The first issue relates to the golden rule that the pricing and other key terms in ICAs need to have legal certainty. A TP challenge could be made by tax administrations at both ends of the transaction. And at any given time, a TP adjustment claimed by one tax administration is unlikely to be immediately agreed at the other end … and may not be agreed at all. So the only workable way to achieve legal certainty is to link the TP override clause to TP adjustments made by one specified tax authority.

The second issue, which is more fundamental, relates to governance. This is the principle that ICAs are not 'fictional' or 'notional' agreements which merely exist in the minds of tax geeks (much as we love tax geeks). In order to have any substance at all, ICAs need to be properly considered and approved by the directors of the respective legal entities involved.

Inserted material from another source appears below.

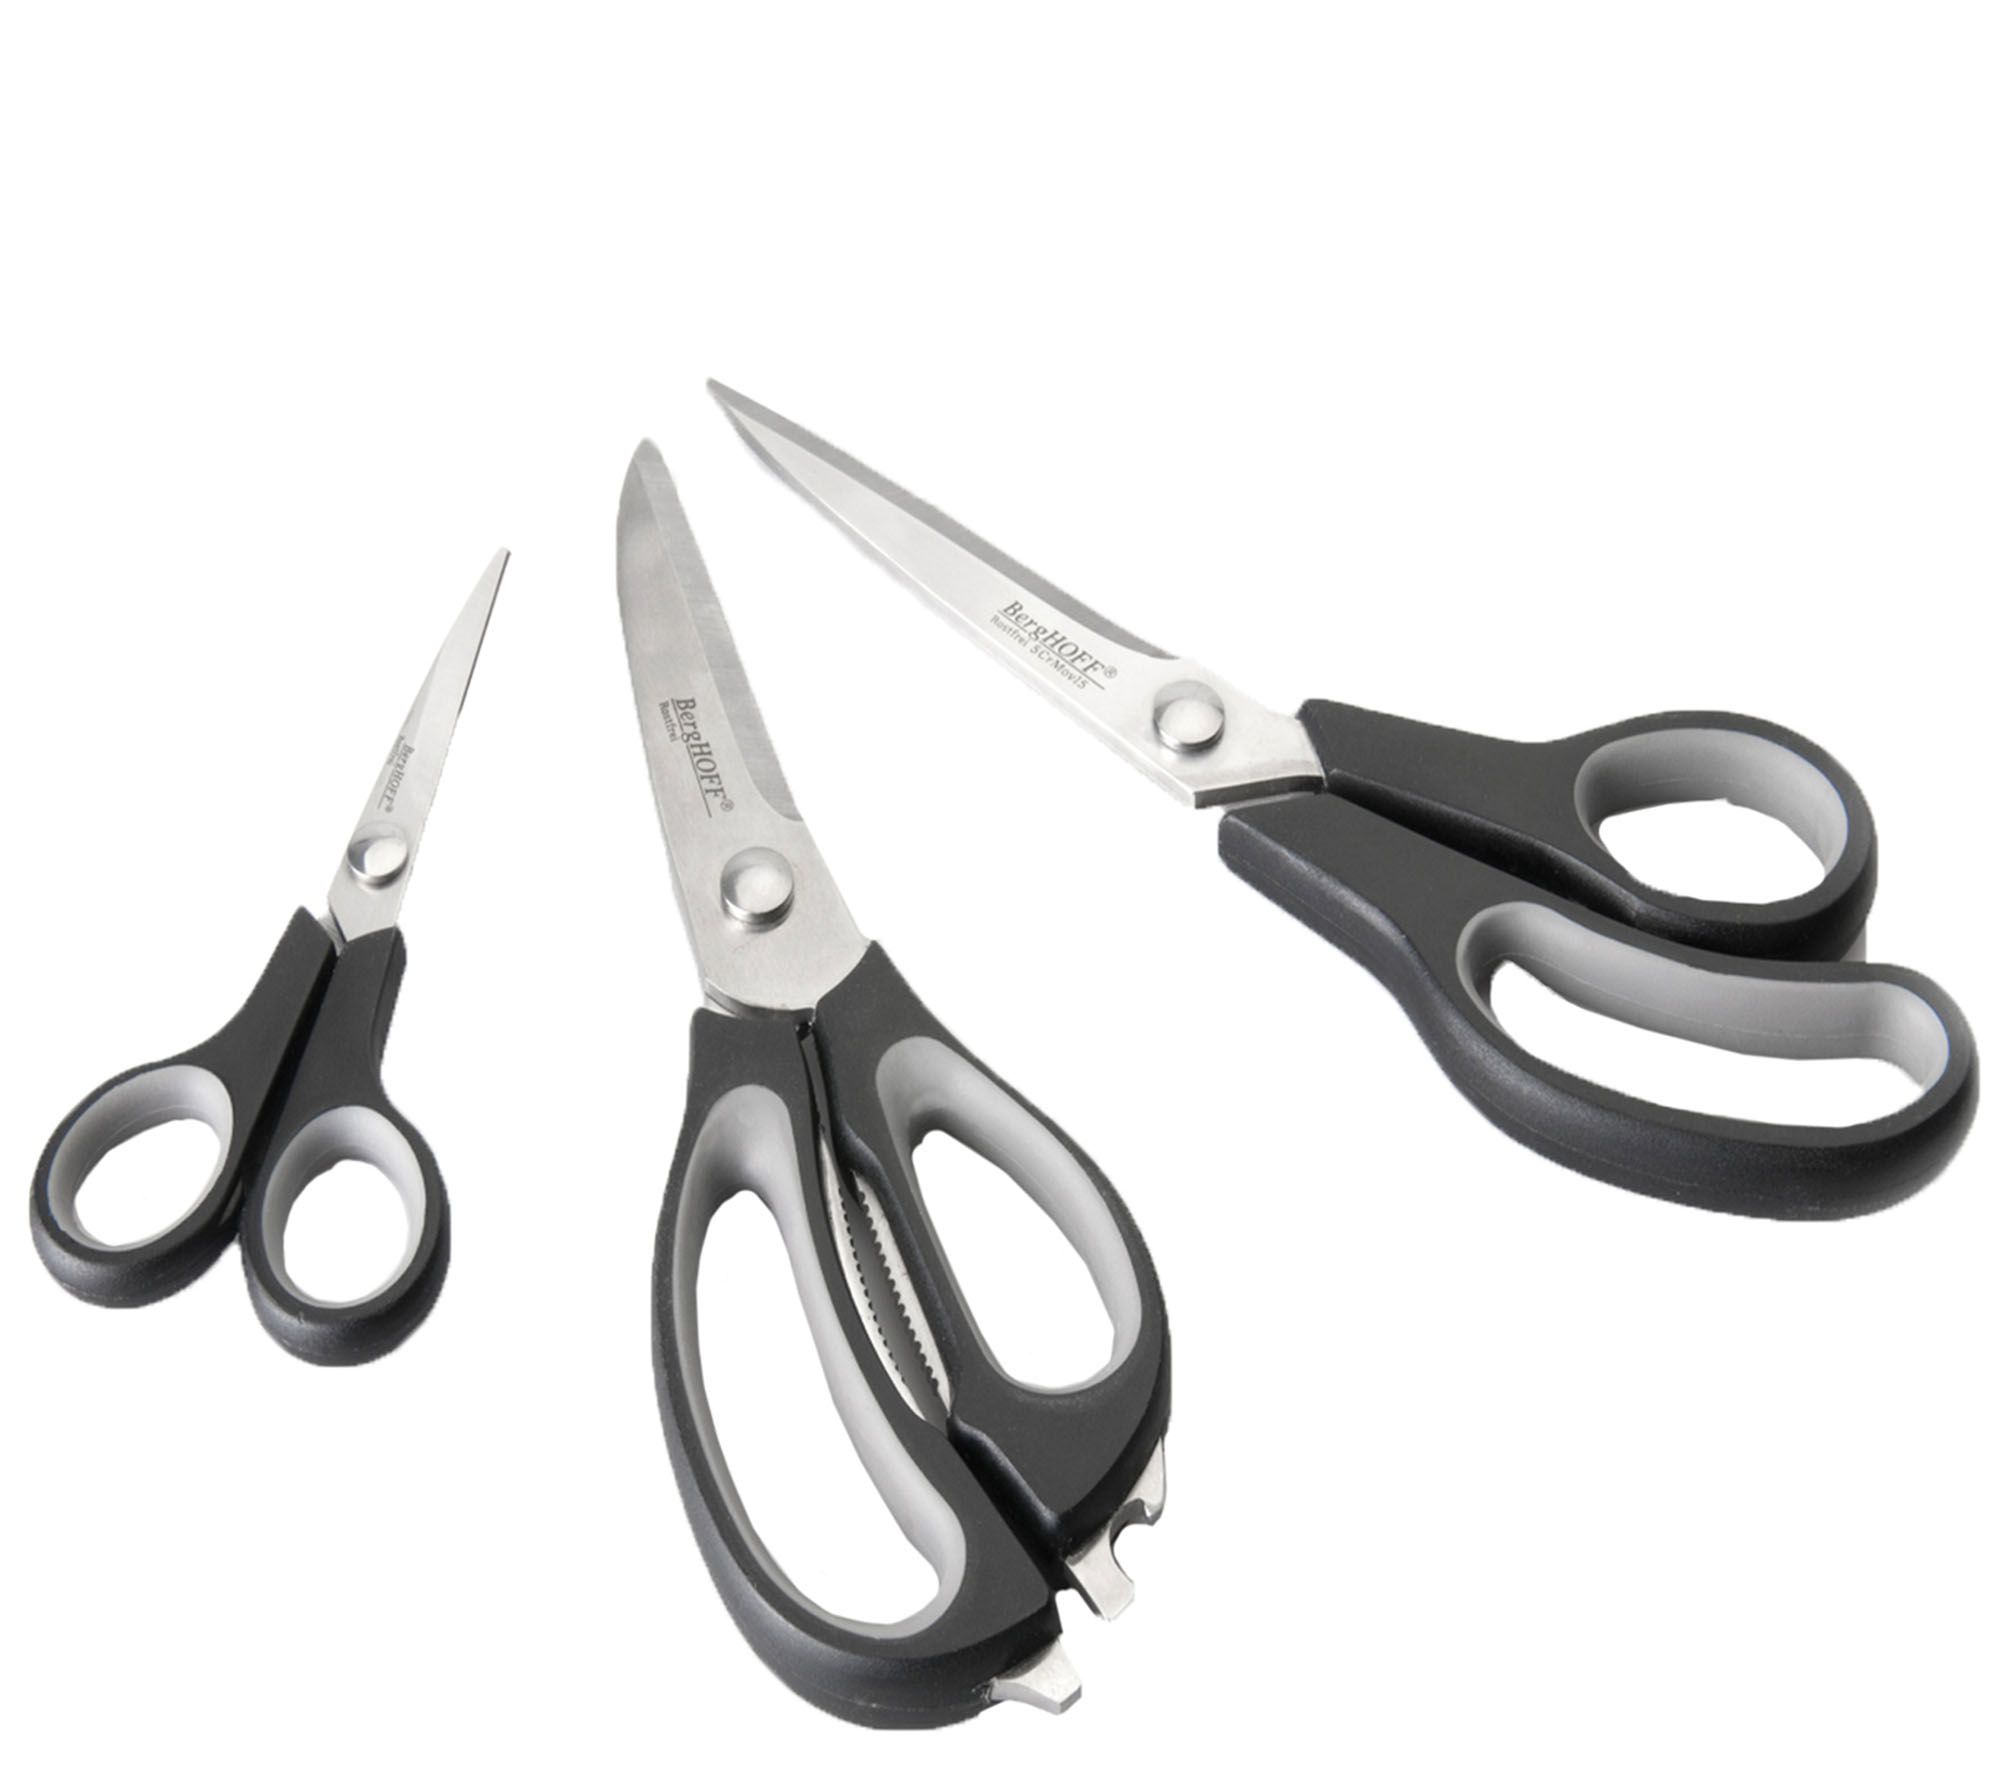 Kuhn Rikon Ultimate Snips Set of 2 Multi Purpose Scissor Shears - QVC UK

Generally speaking, this requires intercompany transactions and ICAs to be as simple as possible, so that legal entity directors can receive a clear briefing on the arrangements, and can give their informed consent. In effect, this is a form of ‘Occam’s Razor’ - any unnecessary steps or provisions should be eliminated.

A provision which has a potentially significant retrospective impact, based on circumstances outside the control of the parties, would need a very strong reason to be there.

The third issue is that ICAs do not just impact on TP and corporate tax. They also have important implications for customs duties, VAT / GST, and other considerations. This is another reason, in our minds for treating TP override clauses with caution. This is especially the case since TP challenges may occur a number of years after the transactions to which they relate.

What’s your view? Are we missing something important here?